Le Brésil traverse actuellement la pire crise écologique de son histoire. Une gigantesque coulée de boue de toxique s’est déversée dans le Rio Doce jusqu’à l’Atlantique, après l’effondrement de deux barrages.Petit récapitulatif.

62 milliards de litres de résidus miniers, c’est la quantité de déchets qui s’est écoulée dans l’un des principaux fleuves du Brésil, le Rio Doce, après la rupture de deux barrages miniers appartenant à la société minière Samarco. C’était le 5 novembre. L’accident a provoqué la mort de douze personnes et ravagé les villages traversés par le fleuve.

La coulée s’est ensuite répandue jusqu’à l’océan Atlantique sur 650 km. Sur son passage, elle a dévasté les écosystèmes et tué des milliers d’animaux. 280.000 personnes sont privées de l’accès à l’eau. Le liquide toxique a commencé à se déverser dans l’océan atlantique partir du 23 novembre. L’ampleur de la catastrophe est encore difficile à mesurer, tant elle est grande.

« Il s’agit de la plus grande catastrophe écologique de l’histoire du Brésil », a affirmé la ministre de l’environnement, Izabella Teixera, citée par l’AFP. Selon les estimations des experts, la « revitalisation » du fleuve pourrait prendre au moins dix ans et coûter près d’un milliard d’euros.

La société minière mise en cause

Certains ont regretté que cette crise soit un peu passée inaperçue en pleine COP21. Il faut dire que l’actualité environnementale était très braquée sur les négociations. Et que cet événement n’a pas de lien direct avec les débats sur le réchauffement climatique. La présidente du Brésil, Dilma Rousseff a toutefois dénoncé «l’action irresponsable» de la société minière, lors de son intervention à la COP21.

En effet, pour l’heure, ce qui suscite le plus d’indignation dans le pays, c’est la responsabilité des entreprises et le manque de contrôle des autorités. Le gouvernement brésilien a annoncé qu’il réclamait 5,2 milliards de dollars devant la justice civile dans une procédure visant la Samarco, compagnie propriétaire du barrage, détenue à parts égales par les géants miniers brésiliens Vale et BHP.

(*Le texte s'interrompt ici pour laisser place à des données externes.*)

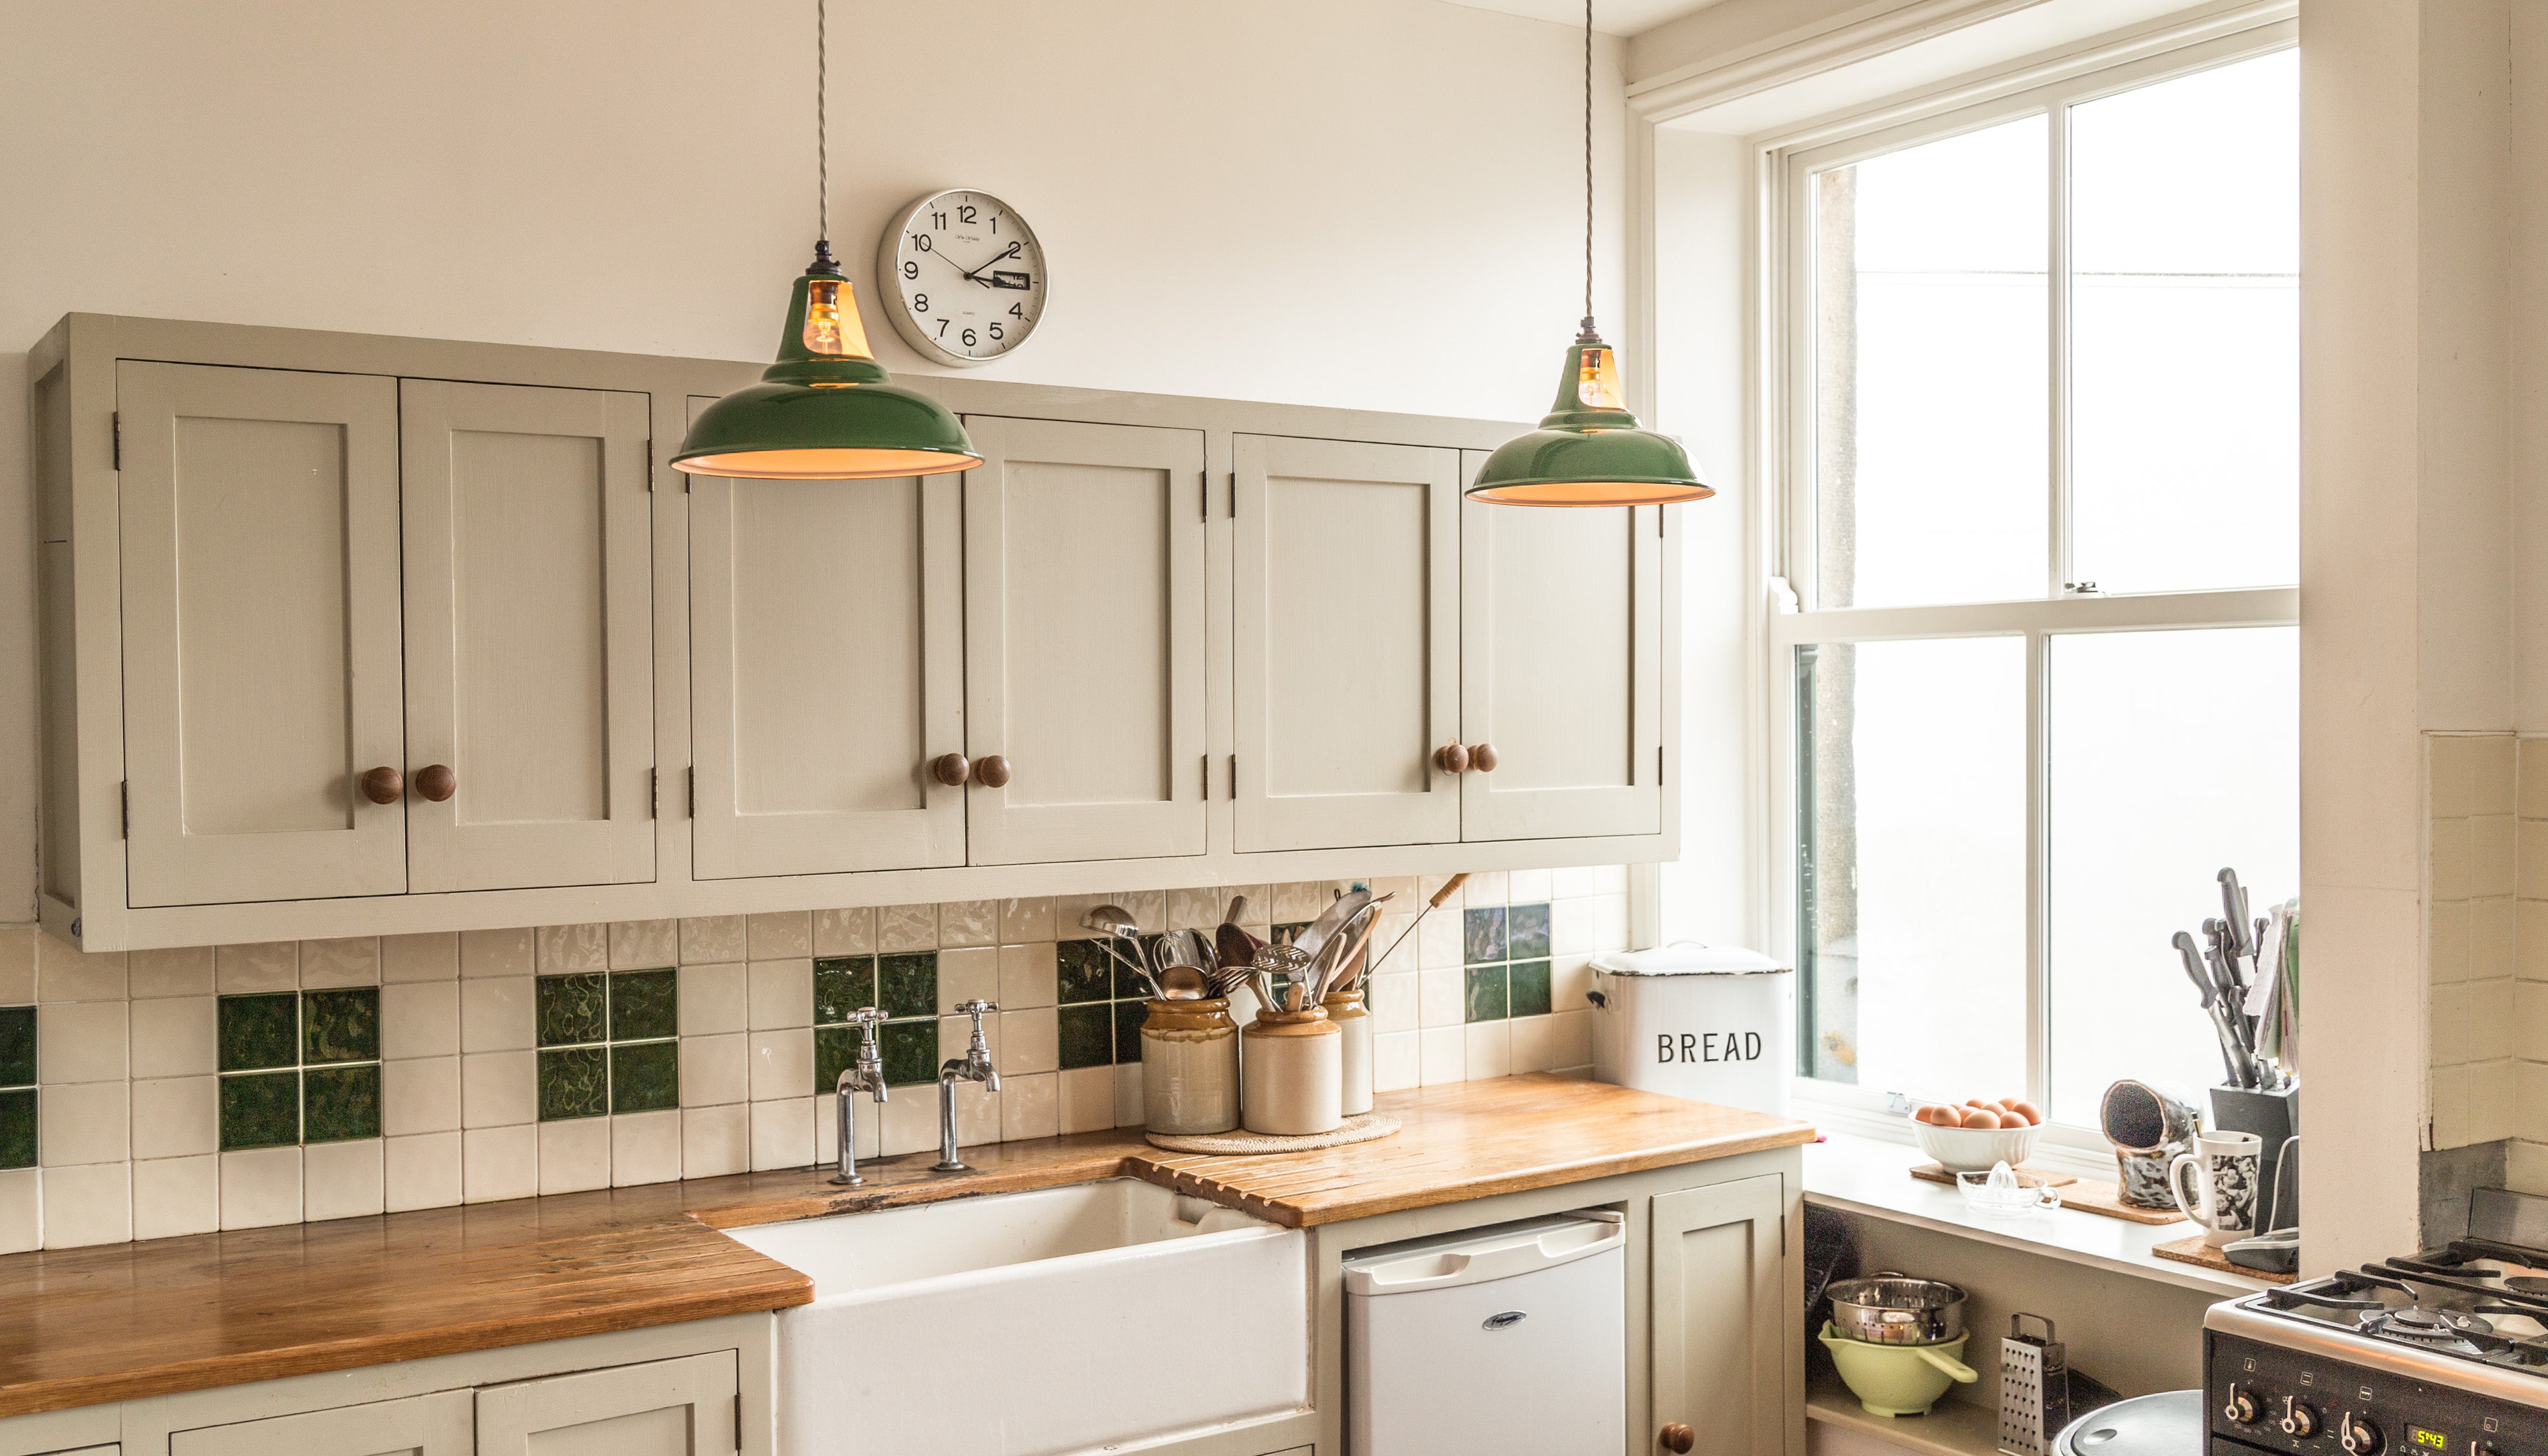 Ceiling Lights For Kitchen The Options Assessed Urban Cottage Industries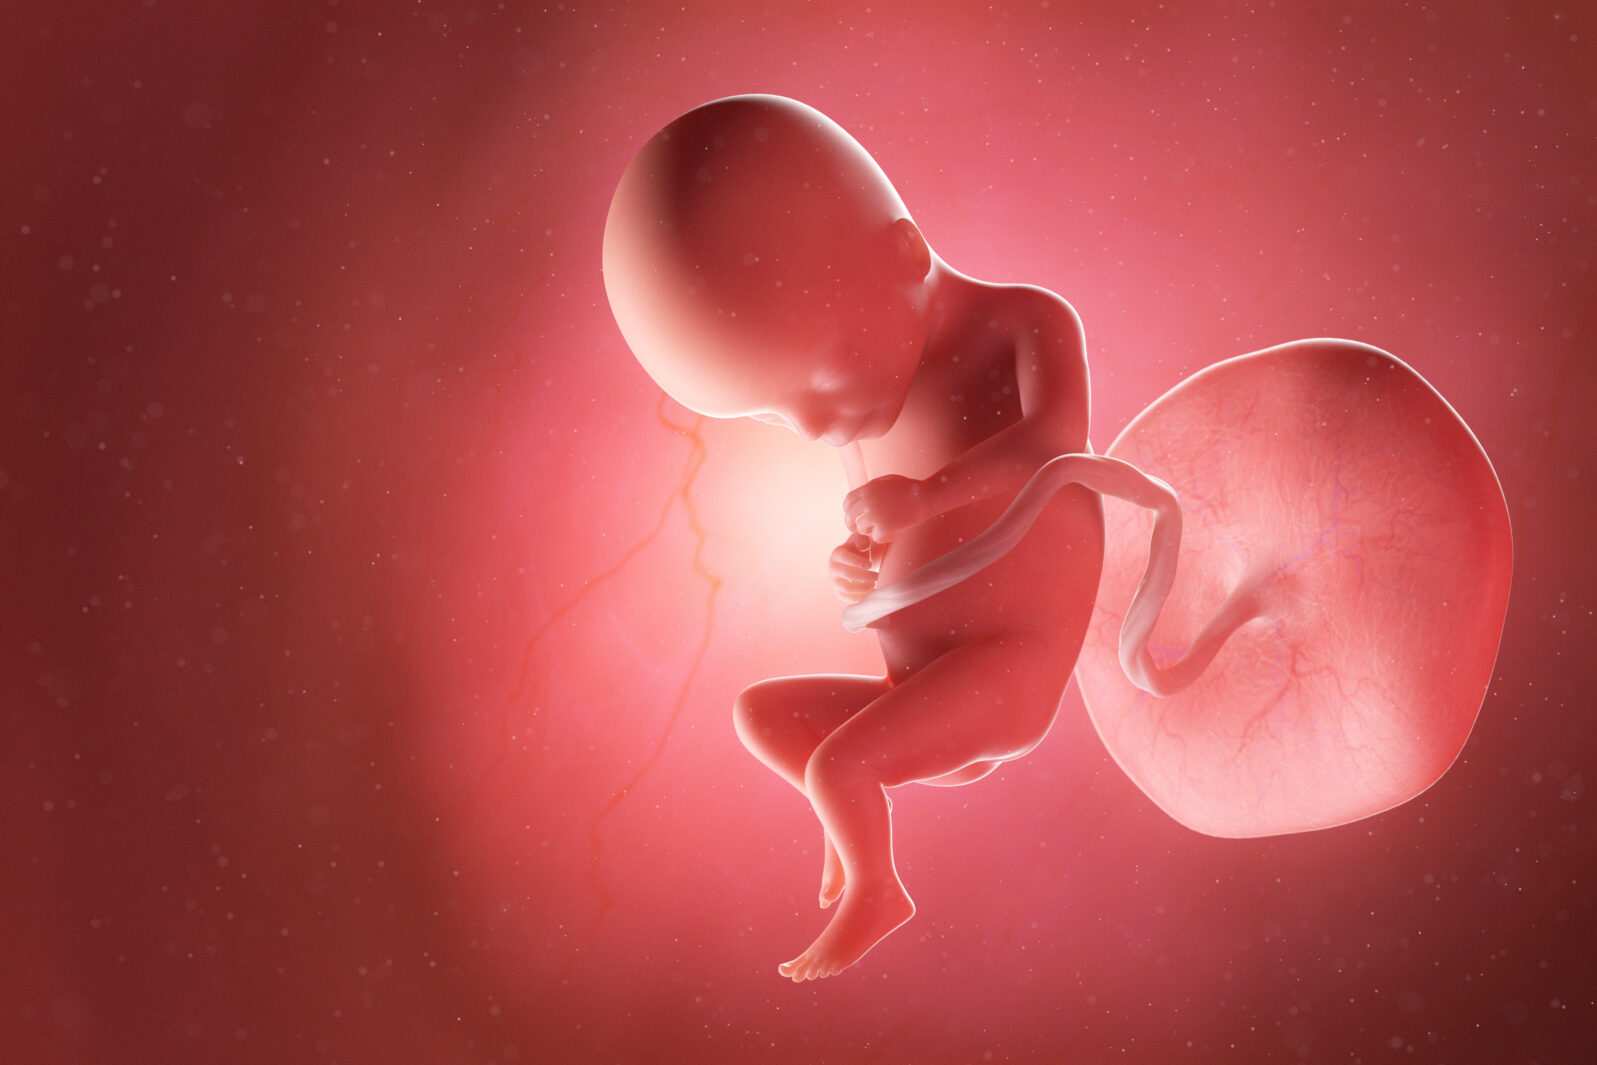 3d rendered medically accurate illustration of a fetus at week 17

Les eaux polluées du Rio Doce contiennent des substances hautement toxiques comme du plomb, de l’arsenic et du chrome. Le groupe Vale affirme que ces substances étaient déjà présentes dans le fleuve et sont remontées en surface au passage de la coulée de boue. Il a nié en revanche, que la coulée de boue visqueuse était elle-même toxique, contredisant l’avis des experts de l’ONU.